Photo 5: Memorial for the victims of the deadly Manchester Arena attack, in Manchester, Britain. REUTERS
The terminology used opens one’s eyes to the severely misguided, yet fundamental beliefs of the Islamic State. Among those 22 people who were tragically murdered in this abhorrent attack, was an eight-year old girl, Saffie Roussos.
A Crusader? Certainly not. A young innocent life simply enjoying a music concert? Yes.
In keeping with the Islamic State’s archaic practices, even music is outlawed in the self-proclaimed caliphate
Yet, this rhetoric comes as a result of the polarizing dichotomy promoted by IS, dividing the world into two distorted camps of good and evil.
“The objective is to create as much carnage and terror as one possibly can until Allah decrees his appointed time and the enemies of Allah storm his location or succeed in killing him,” Issue 9 stated, while discussing hostage taking.
Through such tools, the Islamic State has developed an unrivalled ability in identifying and capitalizing upon youth discontent.
These tools don’t just work to attract support and adherence to the goals of the Islamic State, they also work to instill fear in the enemies of the Islamic State.
The use of child soldiers helps to serve this goal, and children are increasingly used in videos as IS loses territory.
“The visual symbolism of having an organized army of young soldiers serves as a crucial element in Daesh’s psychological warfare,” said Dr. Abadi. “It’s also a way to shame men and tell them that if children can fight then they have no excuse.”
Not only men of traditional fighting age have been indoctrinated and forced into committing acts of brutality under the banner of the Islamic State, children have been increasingly used owing to their ability to slip under the radar.
As highlighted previously, only 10 percent of the Islamic State’s videos contain a religious message. The fight against IS is not against Islam, it is a fight against a violent military group who has hijacked a religion to falsely legitimize and advance their goals. Thus, to eradicate them from our world, we must remove the factors which led to their appeal overcoming the appeal of civilized society in the first place. This is not to say that religion has played no role, but it is secondary.
Photo 6: Screenshot of a video released by ISIS' Al-Hayat media wing.
The success of the Islamic State’s campaign of psychological warfare transpired from the dissatisfaction of the population. The Arab Spring revolutions brought hope and change to millions of people, yet for others it brought tragedy and war. It is without question that the Islamic State is detested by a large percentage of the population under its control, yet to
. A wind laced with restlessness and discontent has blown feverishly across Syria and Iraq; a wind which IS tainted through its propaganda machine to capture the hearts and minds of those who didn’t know which way to turn.
Ironically, the sovereign state portrayed by IS offered a tunnel of light in a world of darkness for many people across the region and beyond. The driving motive behind IS’s propaganda campaign was that IS offered something unique of a terrorist organization: the reality of a self-sufficient, sovereign state.

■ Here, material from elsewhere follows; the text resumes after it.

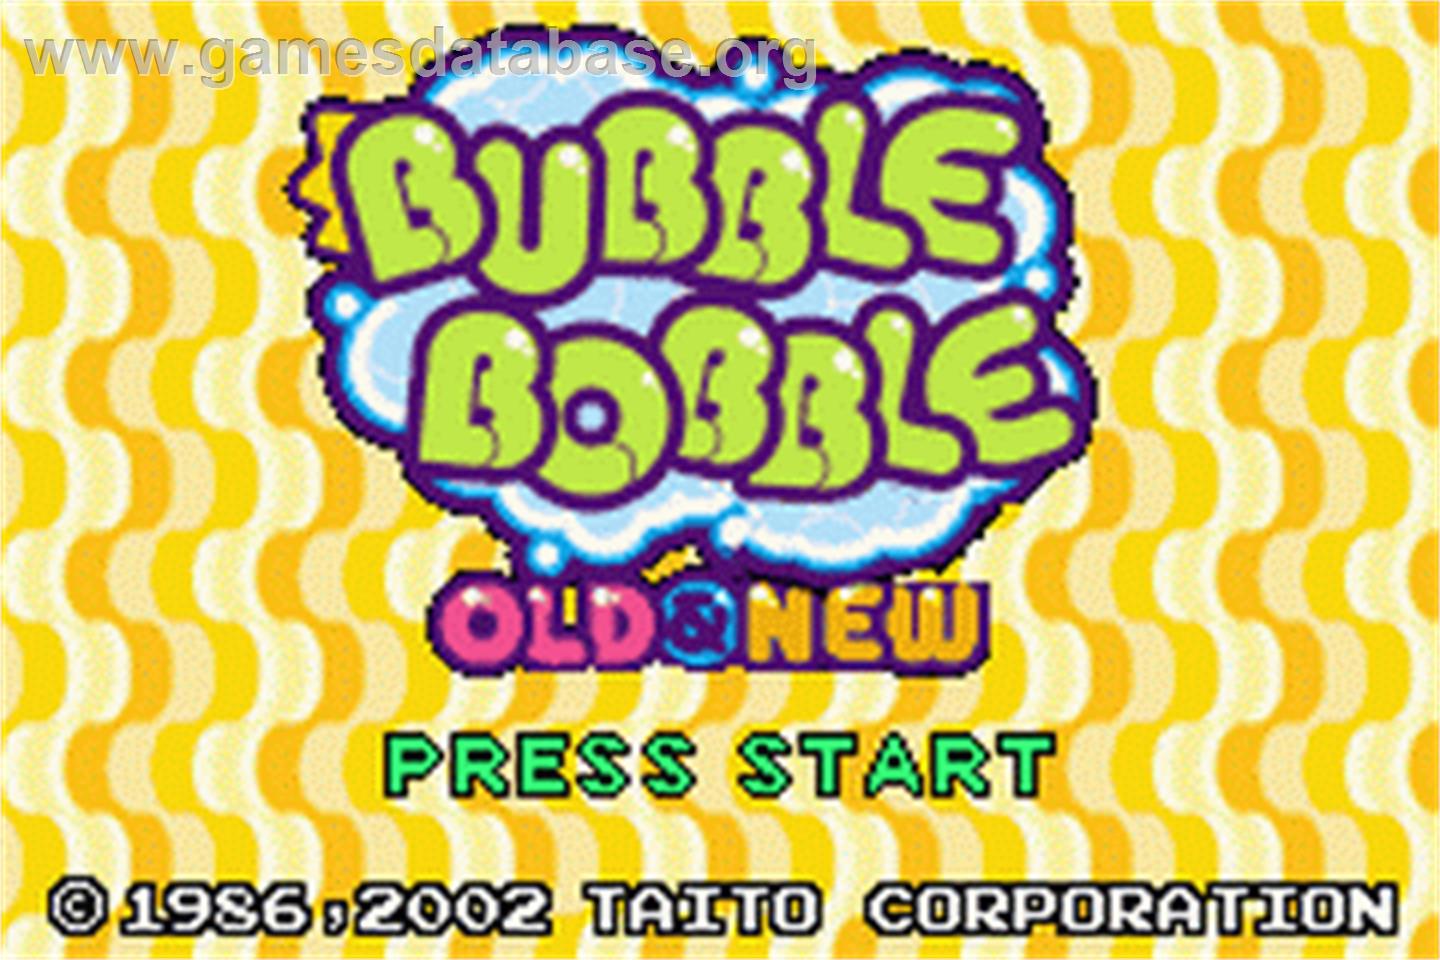 Bubble Bobble Old & New - Nintendo Game Boy Advance - Artwork - Title Screen

Although dictated by a brutal ideology and strict Salafi Islam, this state of utopia appealed to those who felt repressed in their own countries.
“There is a dire need for a sustainable, community-based approach in preventing violent extremism. Military power alone cannot defeat the violent ideologies or address grievances that gave rise to Daesh in the first place,” said Dr. Abadi.

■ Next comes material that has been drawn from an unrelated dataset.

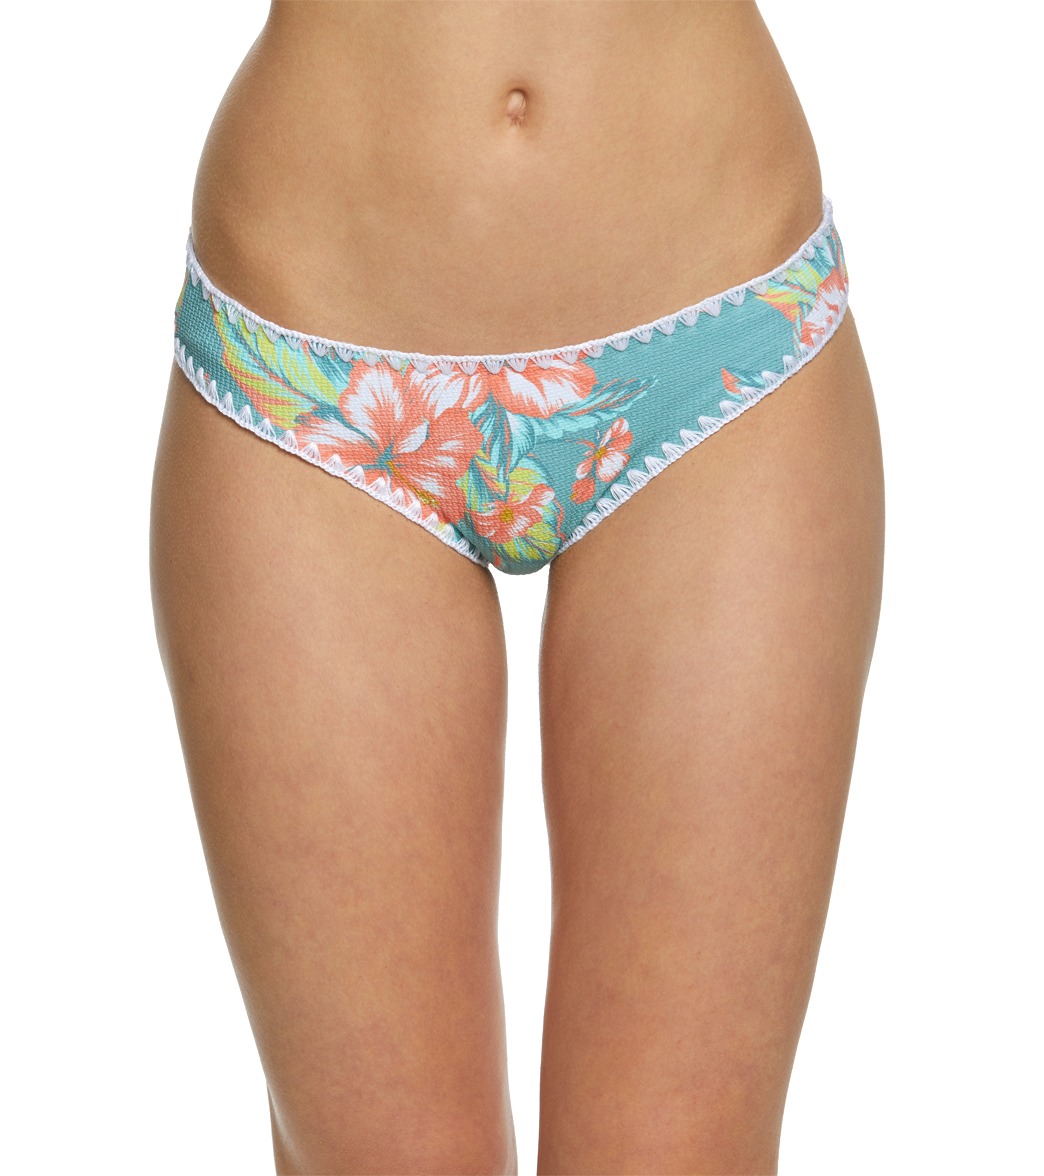 Raisins Gold Coast Lowrider Bikini Bottom - Safari Large - Swimoutlet.com

The theme of social injustice and marginalization at the heart of the Islamic State’s propaganda needs to be overcome – there are many factors which lead to radicalization, meaning that a multi-faceted approach must be put in place.
The extensive appeal of the Islamic State should be a stark warning to society as a whole. Although religious and educational institutions are, and will be vital in providing the necessary education and support to respective communities, it is society as a whole which needs to take the greatest step.

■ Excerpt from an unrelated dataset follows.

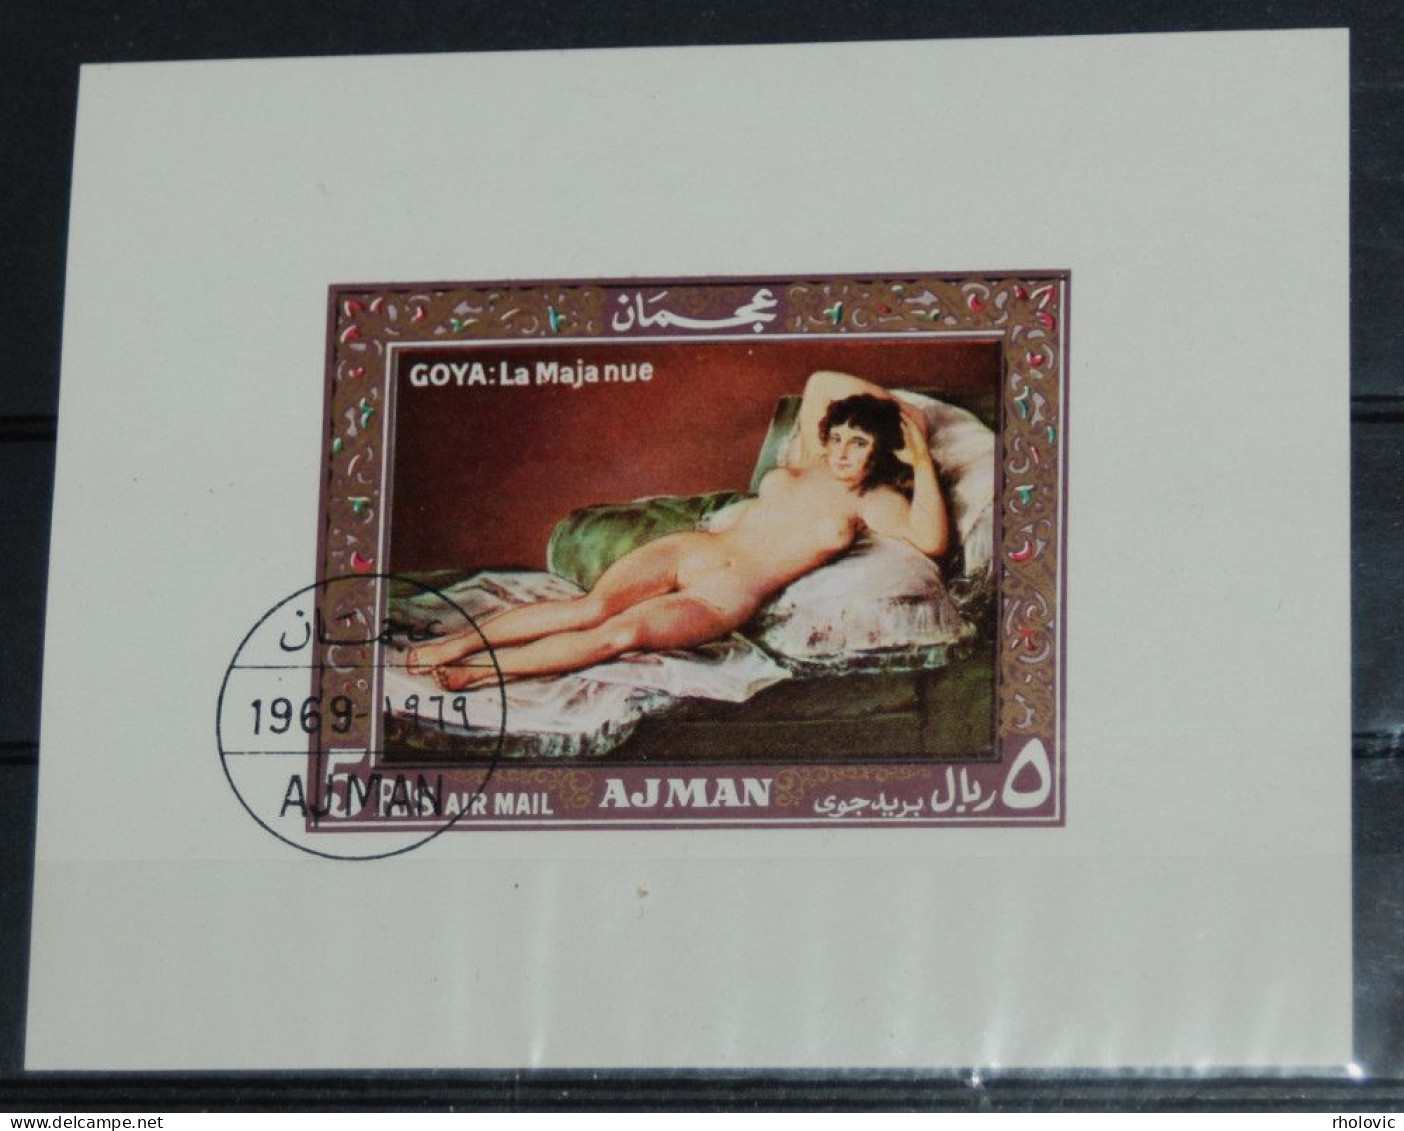 AJMAN 1969, Paintings, Art, Nude, Goya, Imperf, Mi #B120, Souvenir Sheet, Used - Aktmalerei

We must ask ourselves how people have managed to disenfranchise with society to this extent, how they have managed to feel so marginalized and so unsatisfied that they felt joining this brutal organization would improve their situation. Preventing the popularity of a group like the Islamic State once again, requires every single person to take collective action to facilitate a more cohesive society and thus limit the push factors to such groups.
Arguing that IS has succeeded through a campaign of psychological warfare, perpetrated through ideology, makes it clear that a military campaign will be limited in its effectiveness. The more IS militants who are killed, or ‘martyred’, some would argue the greater their appeal. The only way to fight this plague of terrorism is to fight their ideology – to challenge and limit what makes them tick.
Only once this well of discontent has been drained will IS and other terrorist groups cease to exist. Yes, this notion may be utopian and idealistic, however the more steps implemented to increase human welfare, the fewer fruits of dissatisfaction will be ripe for exploitation. This remains the most important challenge for the international community.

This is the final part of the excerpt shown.